DATA PROVIDED:

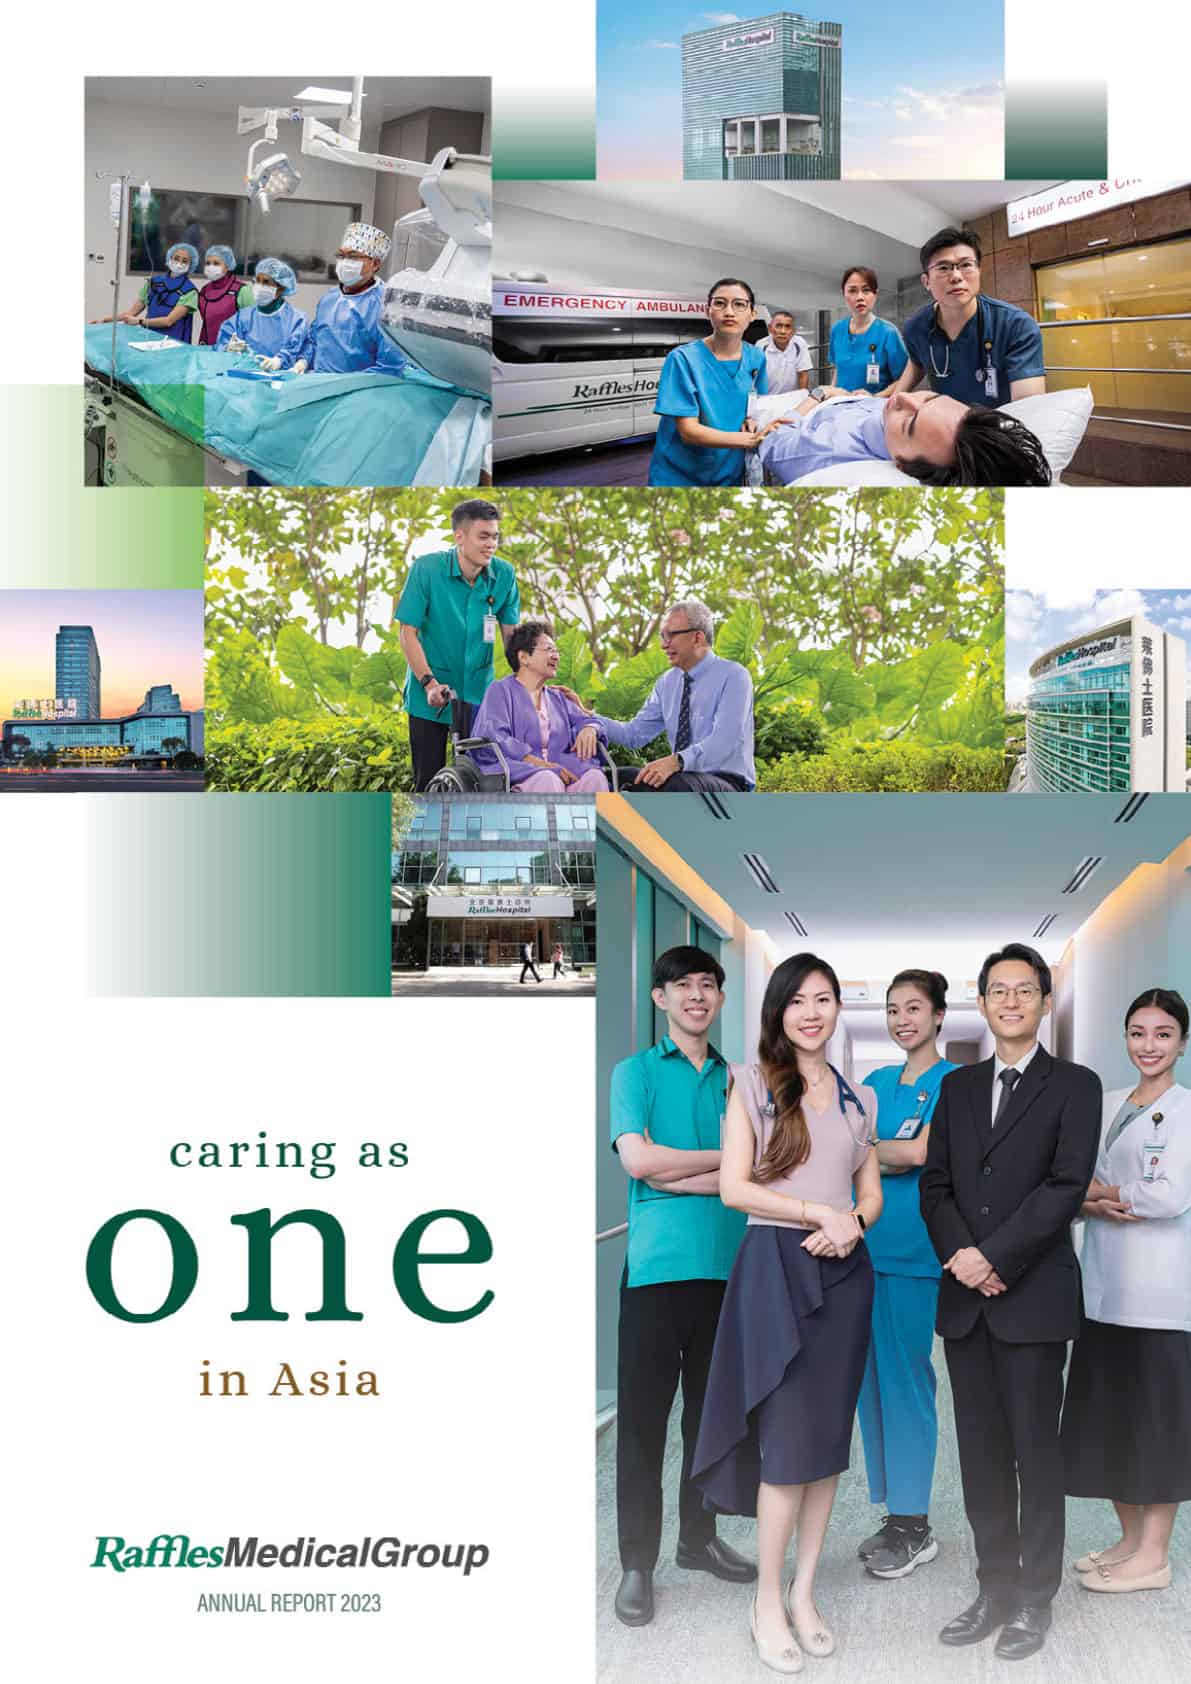 raffles medical group annual report 2023 - caring as one in asia
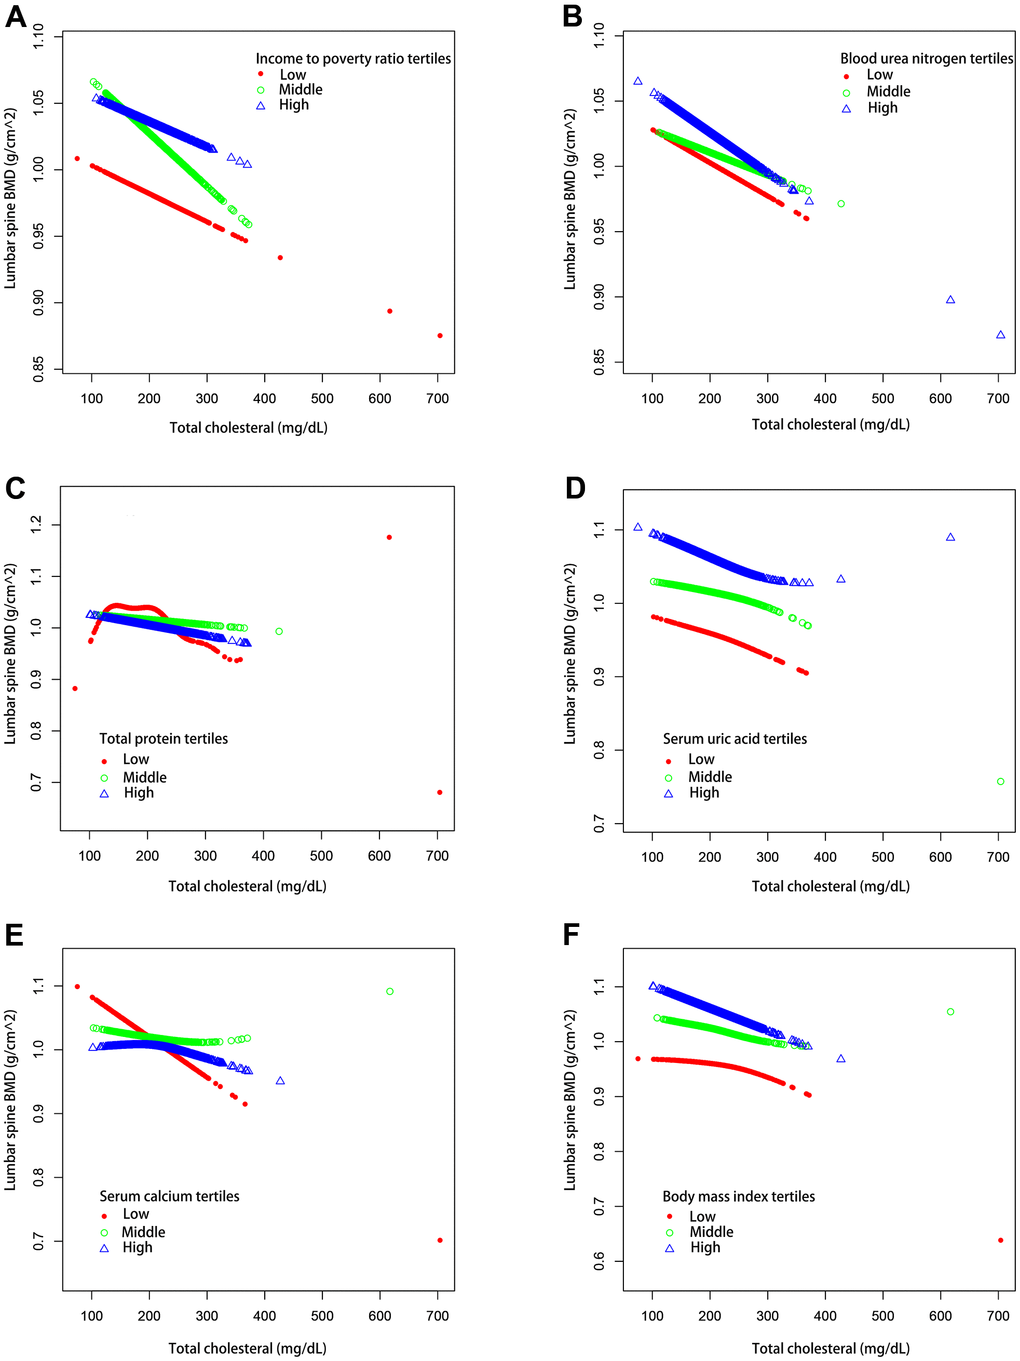 The association between serum total cholesterol and lumbar spine BMD stratified by tertiles of different continuous variables. (A) Stratified by income poverty rate tertiles. Age, Sex, race / ethnicity, physical activity, blood urea nitrogen, total protein, serum uric acid, blood calcium and body mass index were adjusted. (B) Stratified by blood urea nitrogen tertiles. Age, Sex, race / ethnicity, physical activity, income poverty rate, total protein, serum uric acid, blood calcium and body mass index were adjusted. (C) Stratified by total protein tertiles. Age, Sex, race / ethnicity, physical activity, income poverty rate, blood urea nitrogen, serum uric acid, blood calcium and body mass index were adjusted. (D) Stratified by serum uric acid tertiles. Age, Sex, race / ethnicity, physical activity, income poverty rate, blood urea nitrogen, total protein, blood calcium and body mass index were adjusted. (E) Stratified by blood calcium tertiles. Age, Sex, race / ethnicity, physical activity, income poverty rate, blood urea nitrogen, total protein, serum uric acid and body mass index were adjusted. (F) Stratified by body mass index tertiles. Age, Sex, race / ethnicity, physical activity, income poverty rate, blood urea nitrogen, total protein, serum uric acid and blood calcium were adjusted.
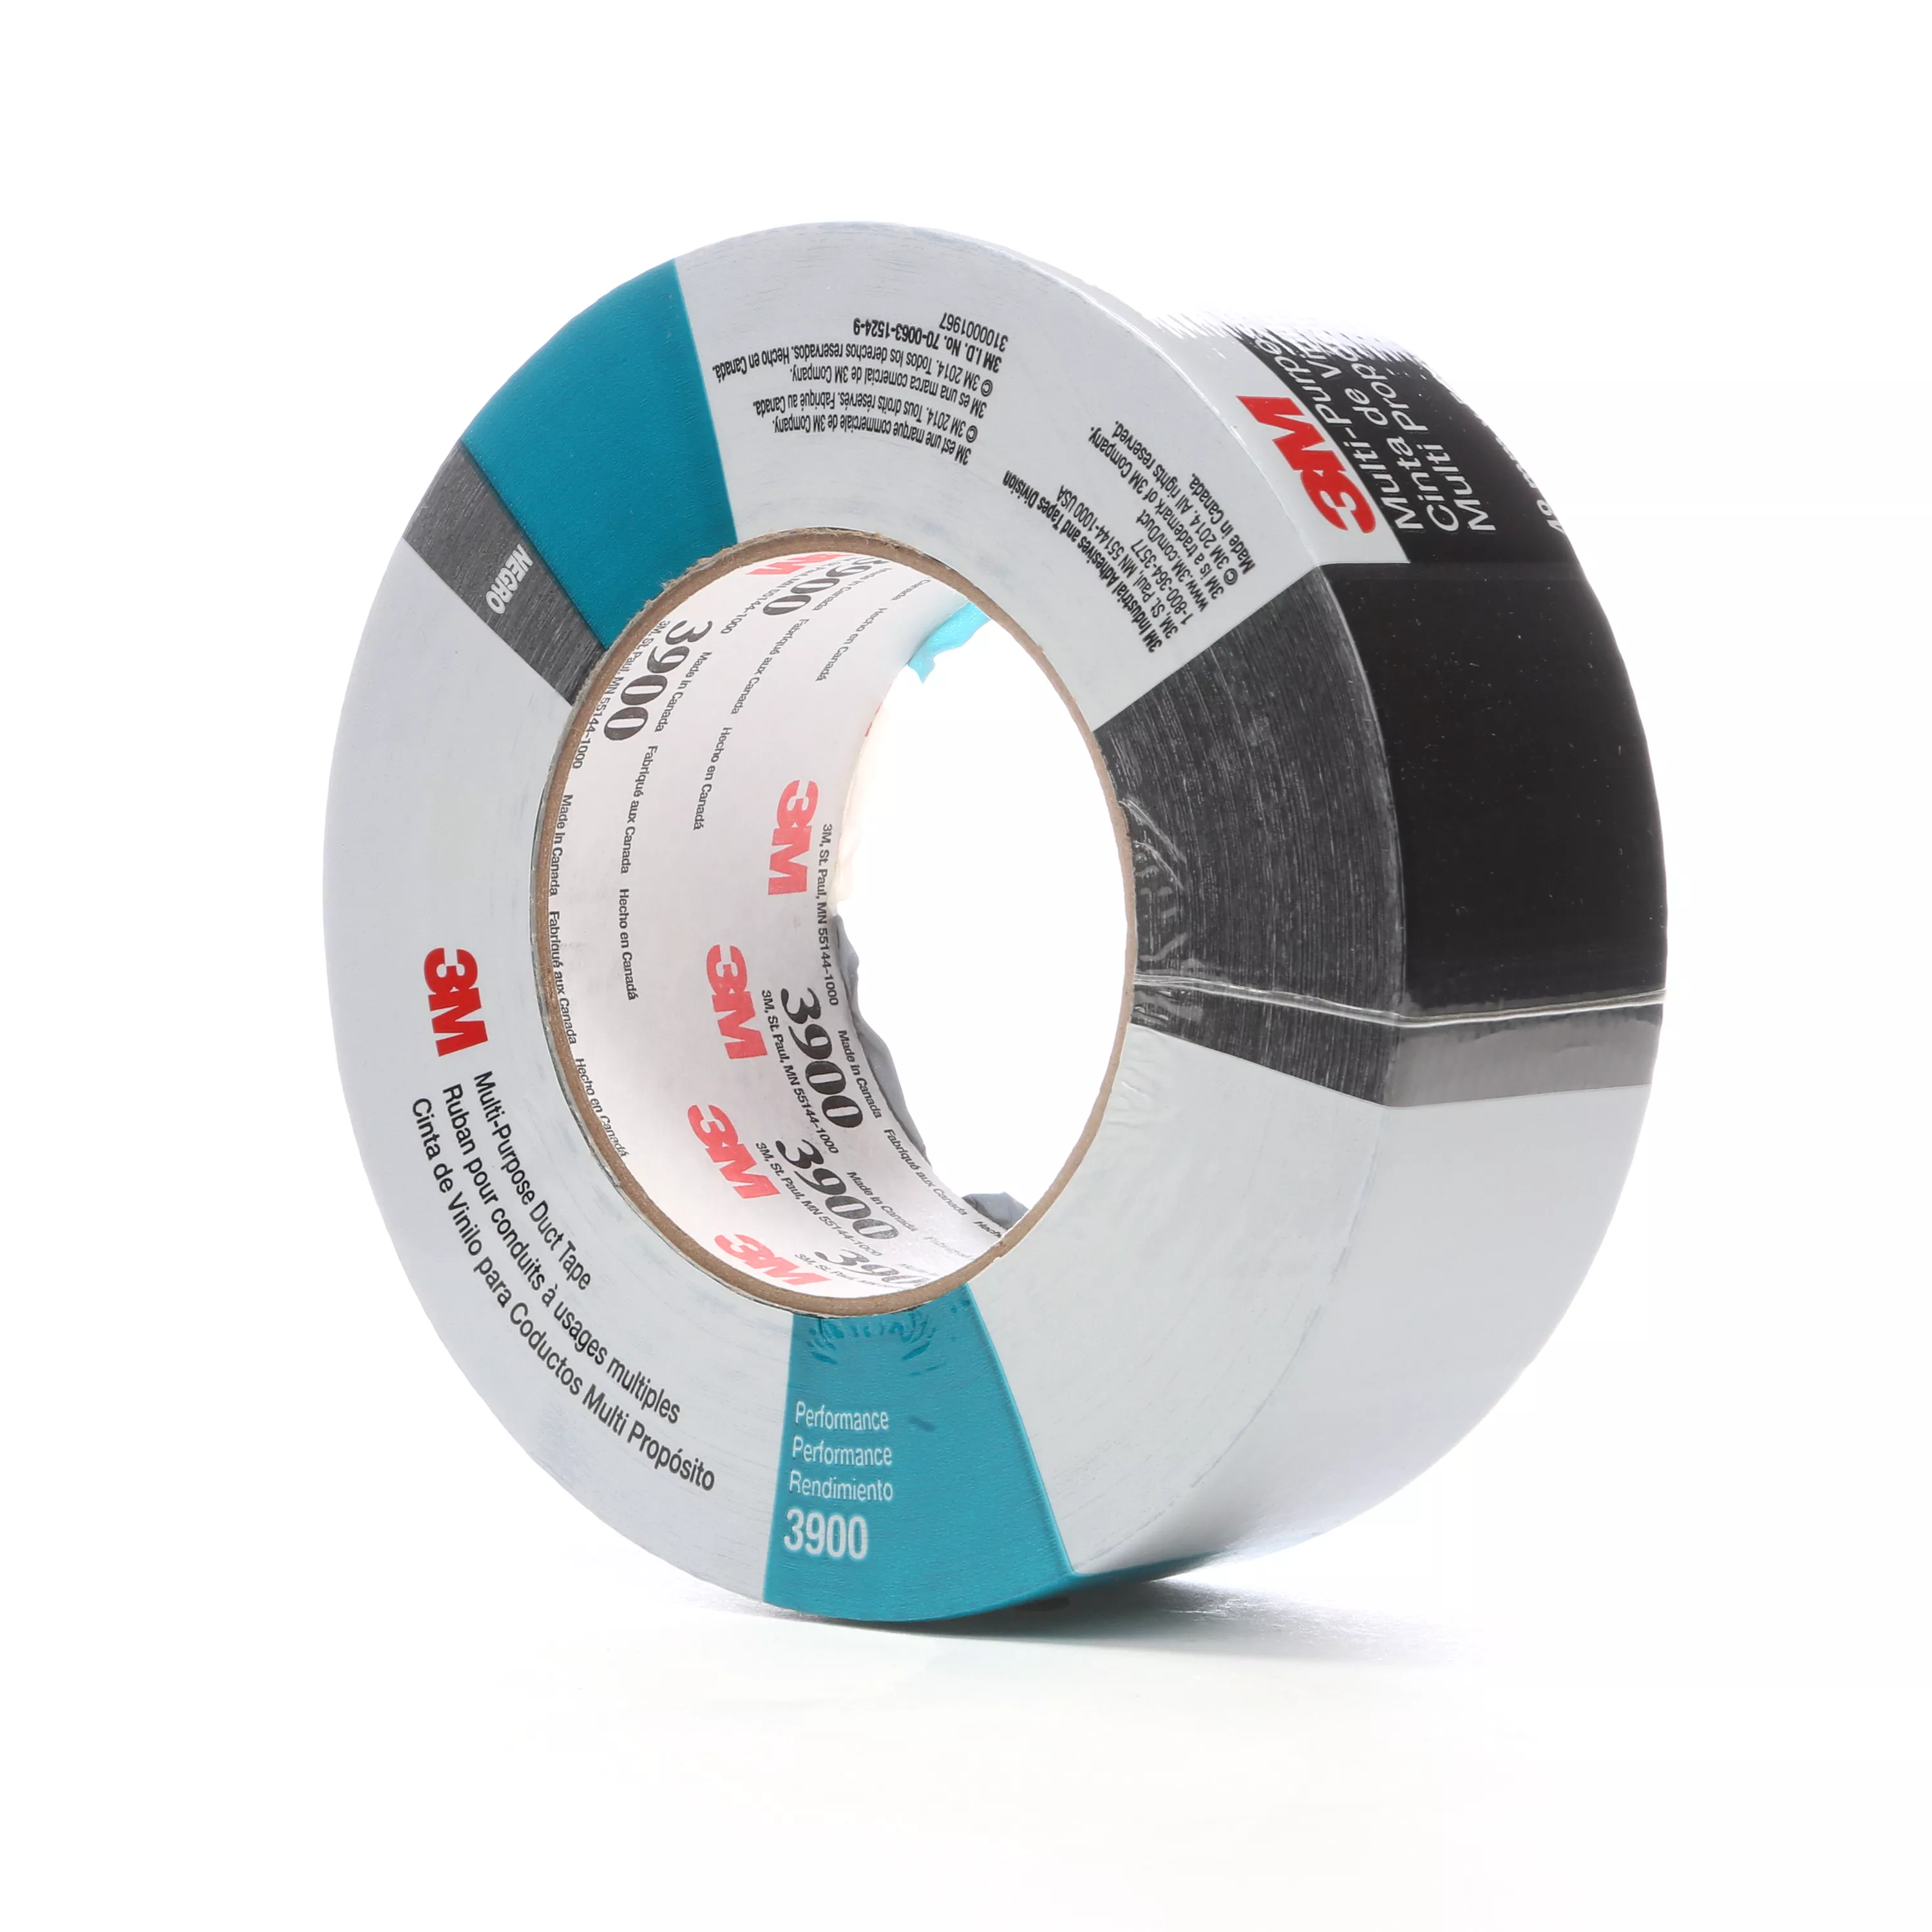 3M™ Multi-Purpose Duct Tape 3900, Black, 48 mm x 54.8 m, 7.6 mil, 24
Roll/Case, Individually Wrapped Conveniently Packaged

WORK REQUIRED: Beginning with the line that holds "3M™ Multi-Purpose Duct", output each line to the end of the material above, exactly, omitting the pictures.

WRITTEN ANSWER:
 3M™ Multi-Purpose Duct Tape 3900, Black, 48 mm x 54.8 m, 7.6 mil, 24
Roll/Case, Individually Wrapped Conveniently Packaged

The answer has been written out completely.